Les perspectives dans notre région se sont également dégradées. Les petites et moyennes entreprises (PME) constituent la quasi totalité de son tissu industriel. Elles produisent des éléments et composants nécessaires à la fabrication d'instruments et d'appareils. Elles font partie intégrante de « chaînes de valeur », que le recul des affaires met à mal. Certes, nos PME ont déjà prouvé leur aptitude à se réinventer en s'adaptant à l'évolution des marchés et des techniques. Mais cela ne se fait ni facilement ni rapidement. Le redressement de la situation économique prendra du temps.

Les enquêtes du KOF auprès des entreprises montrent des écarts d'appréciation entre les niveaux national et neuchâtelois. La détérioration des activités dans l'horlogerie est plus marquée dans notre canton — tout en précisant que ses perspectives fléchissaient depuis le milieu de 2019. Les branches de la métallurgie, des équipements électriques, électroniques, la mécanique de précision et l'optique font état d'une dégradation des activités analogue en Suisse et dans le canton, mais, ici aussi, le recul avait déjà commencé de se manifester l'année dernière.

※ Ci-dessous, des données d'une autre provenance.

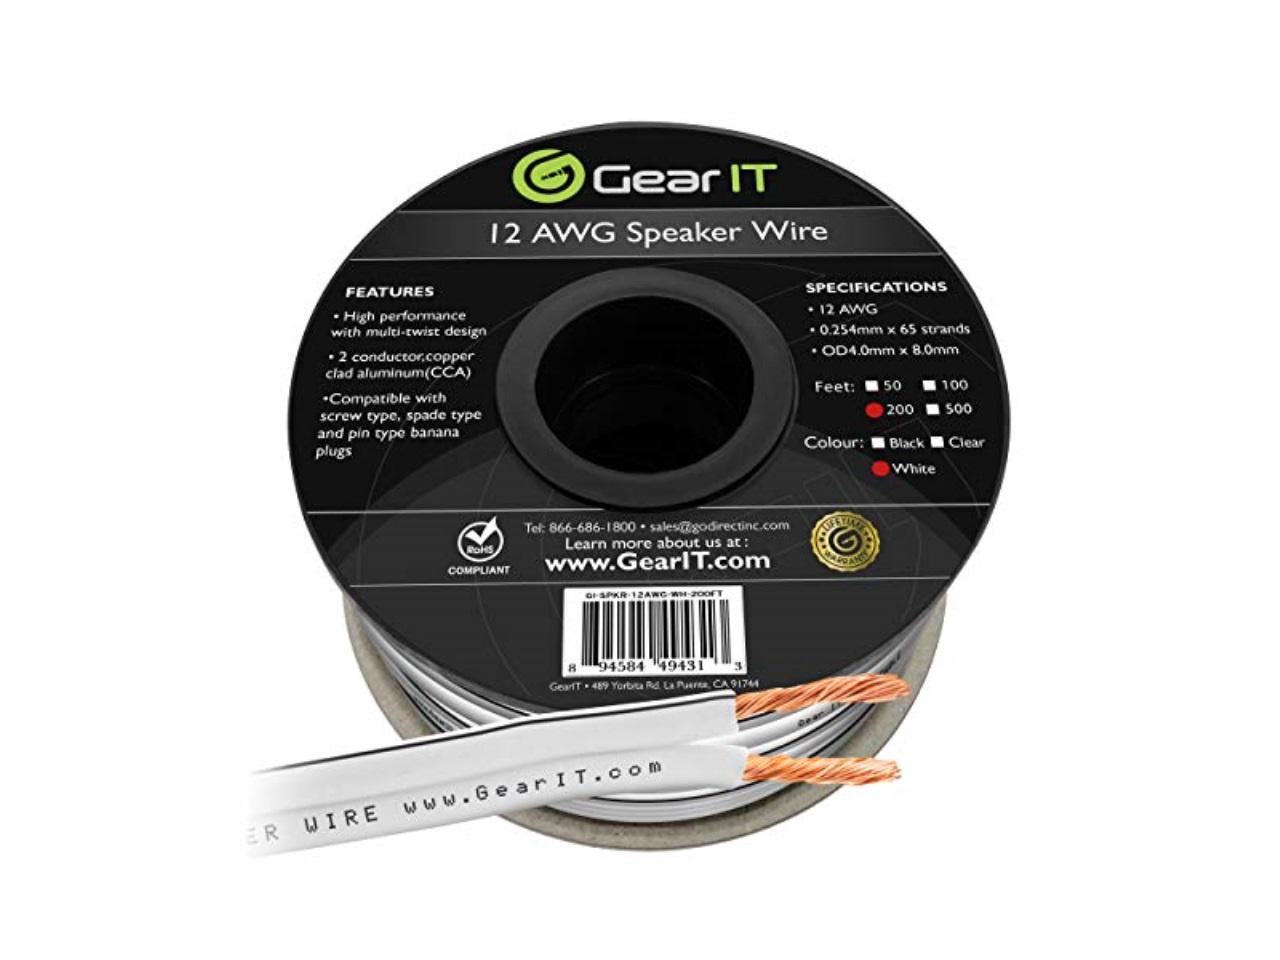 White 12AWG Speaker Wire Great Use for Home Theater Speakers and Car Speakers 200 Feet / 60.96 Meters GearIT Pro Series 12 Gauge Speaker Wire Cable

L'horlogerie est devenue, comme on le sait, très dépendante des marchés asiatiques. Les activités reprennent progressivement en Chine, mais les consommateurs restent encore frileux. Il faudra probablement attendre un certain temps pour que l'on retrouve un niveau d'affaires comparable à celui qui existait avant les manifestations à Hong-Kong et la crise du coronavirus.

En ce qui concerne le secteur des services, on peut escompter un rebond au fur et à mesure que les effets de la pandémie s'éloigneront. Les craintes qu'elle a suscitées ne s'effaceront cependant pas de sitôt de sorte qu'il est vraisemblable que les ménages limiteront leurs dépenses importantes et leur préfèreront une épargne de précaution. Bref, nous ne sommes pas encore sortis de l'auberge.